[STORED DATA Boundary: Start]

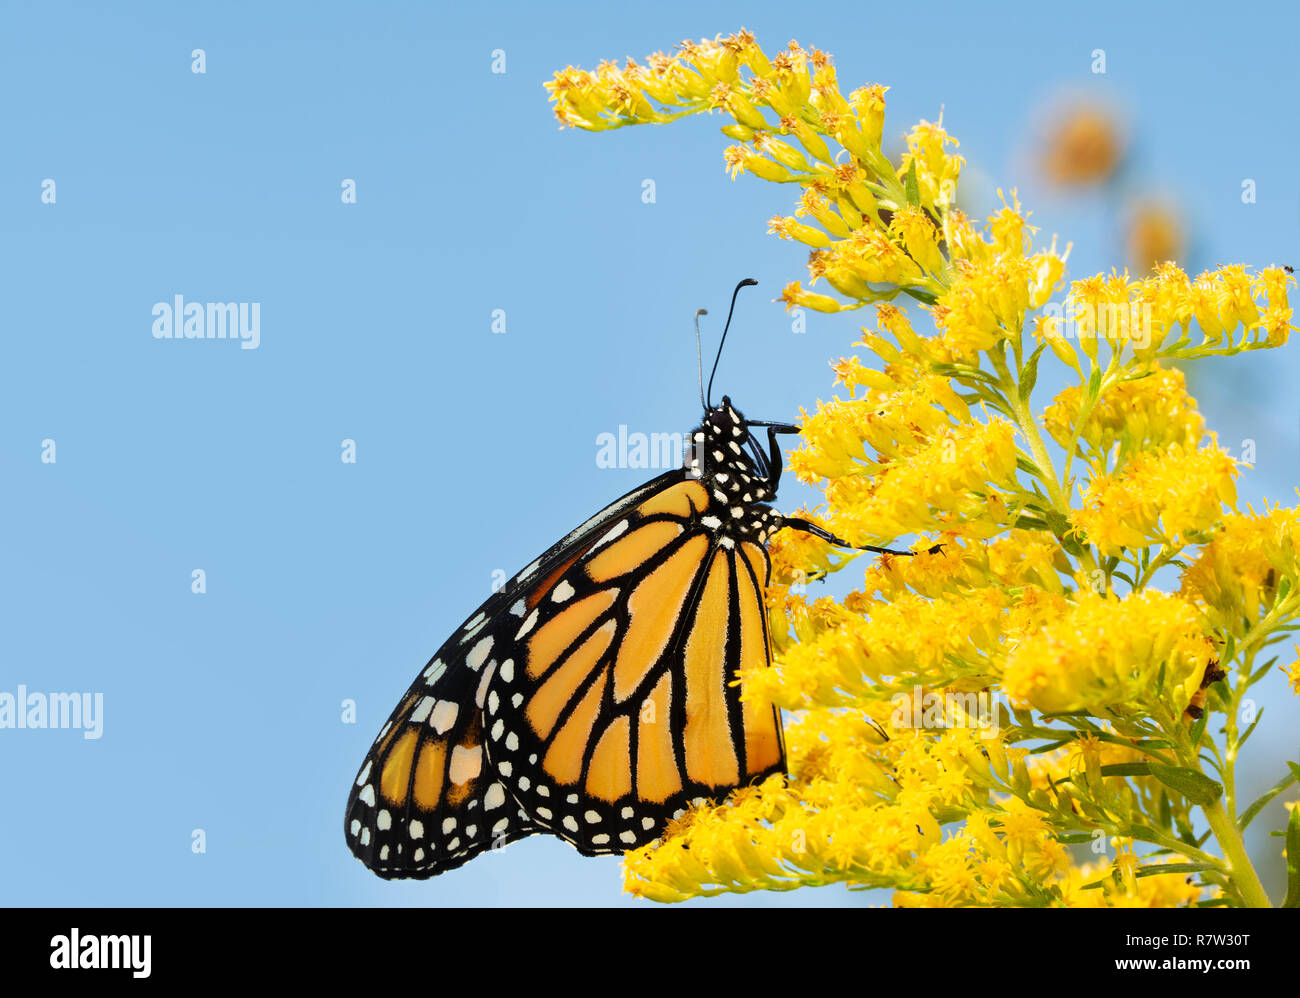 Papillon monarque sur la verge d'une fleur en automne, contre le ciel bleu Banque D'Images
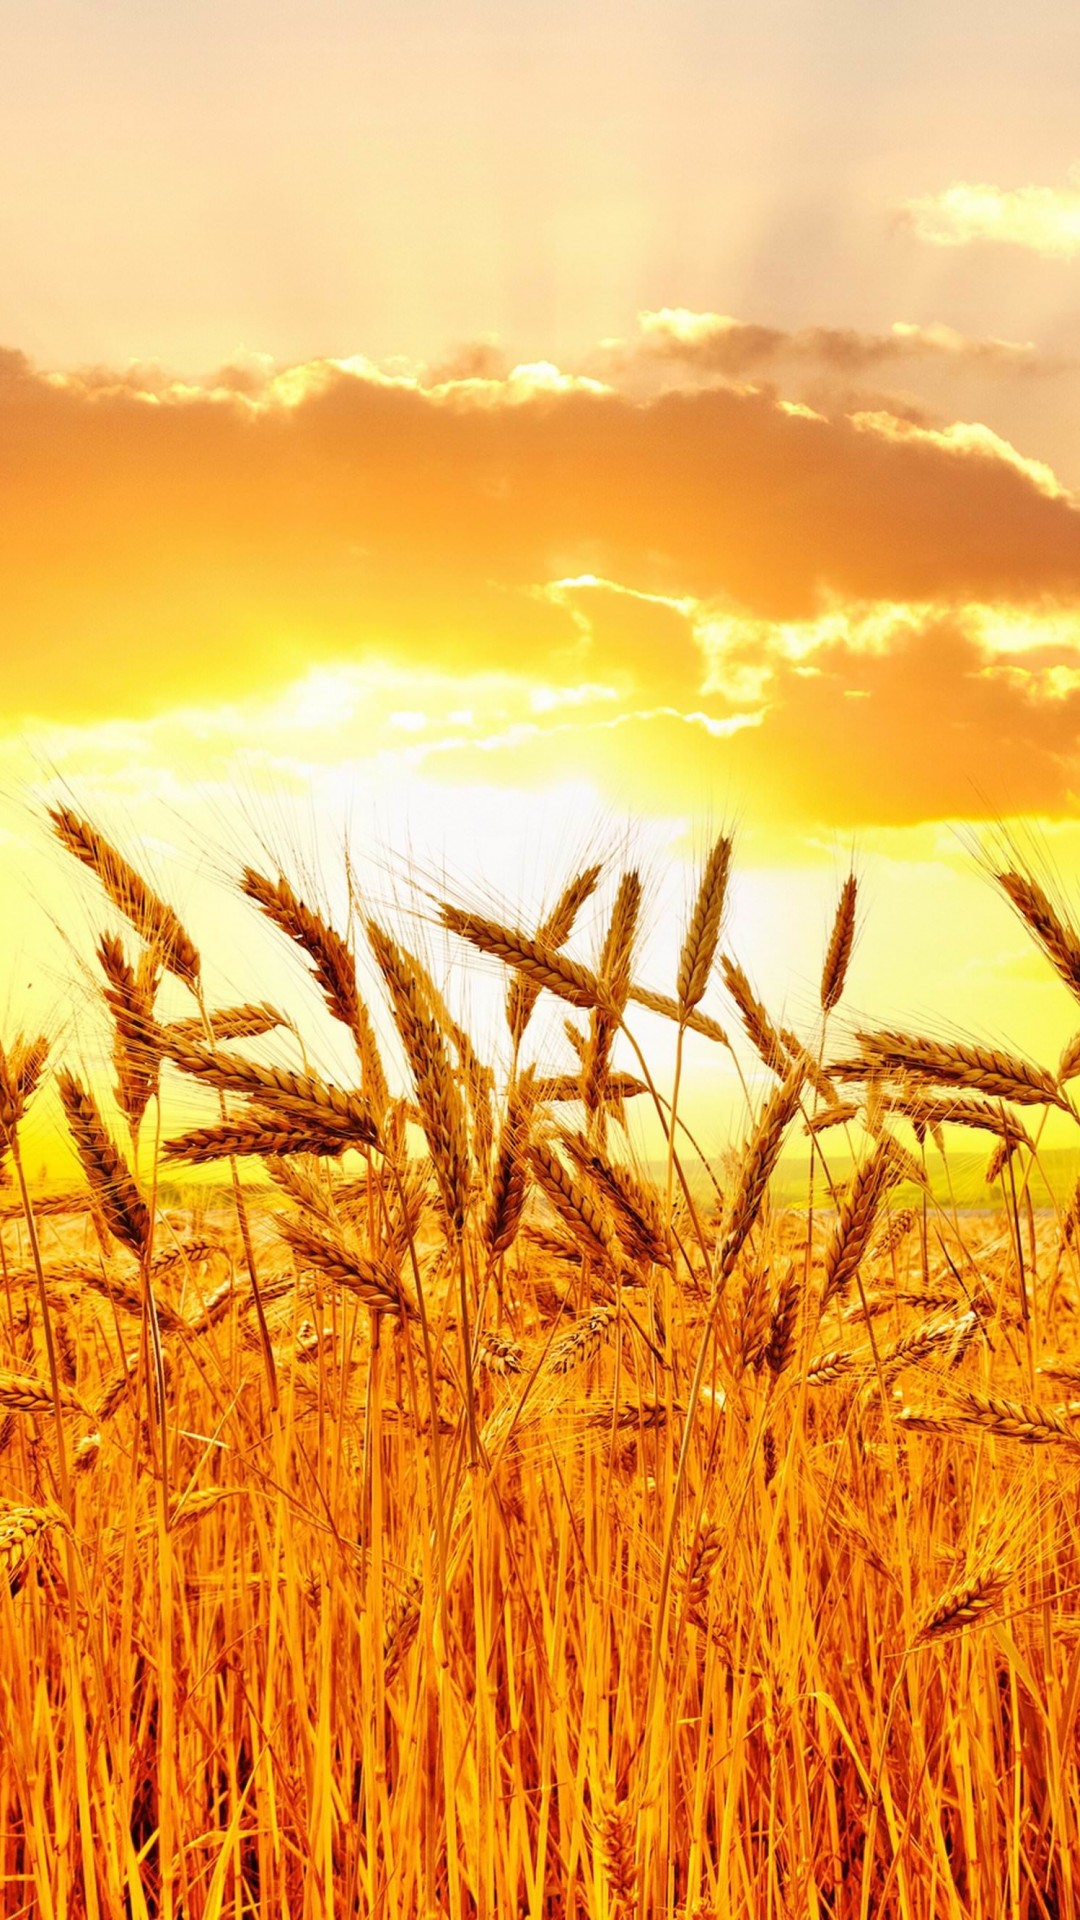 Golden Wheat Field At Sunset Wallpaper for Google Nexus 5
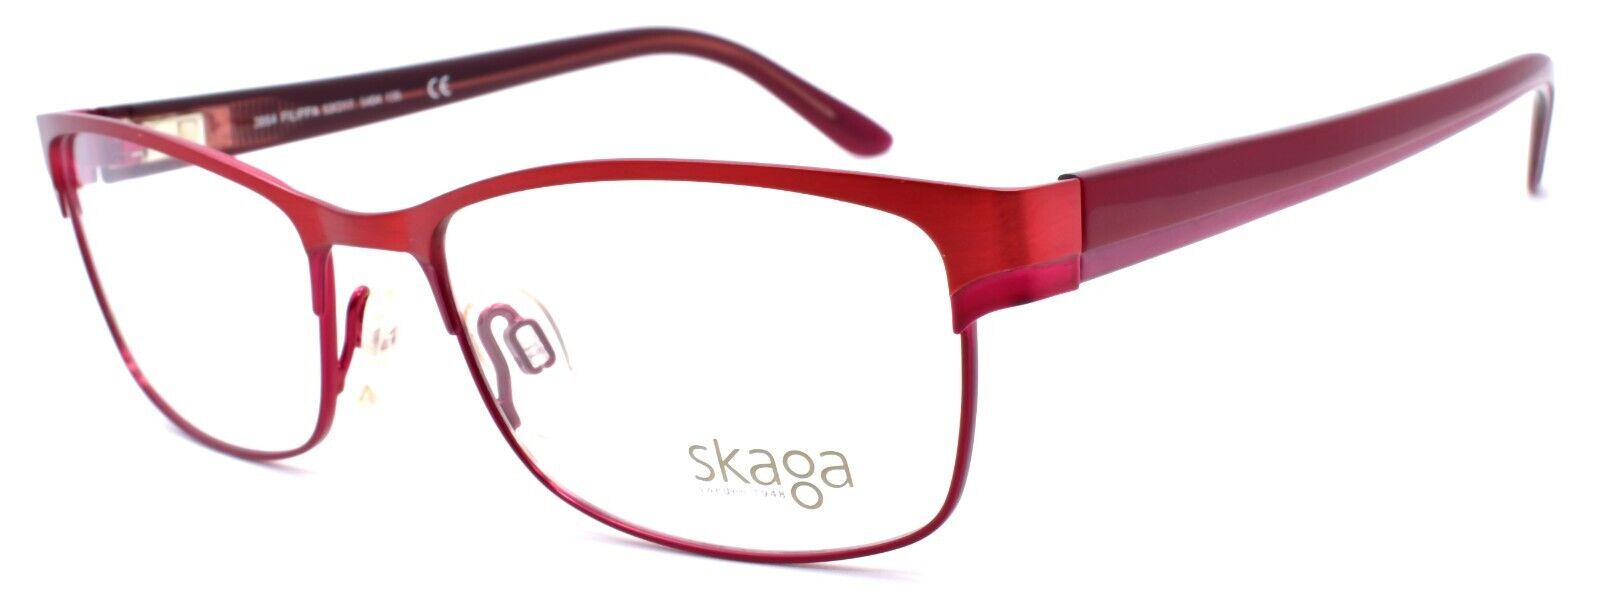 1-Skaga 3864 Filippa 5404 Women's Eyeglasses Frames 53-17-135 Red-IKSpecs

[STORED DATA Boundary: End]

→ EXERCISE
Copy out nothing but text: transcribe the listing exactly and skip each picture.

→ RESULT
 Papillon monarque sur la verge d'une fleur en automne, contre le ciel bleu Banque D'Images
 Golden Wheat Field At Sunset Wallpaper for Google Nexus 5
 1-Skaga 3864 Filippa 5404 Women's Eyeglasses Frames 53-17-135 Red-IKSpecs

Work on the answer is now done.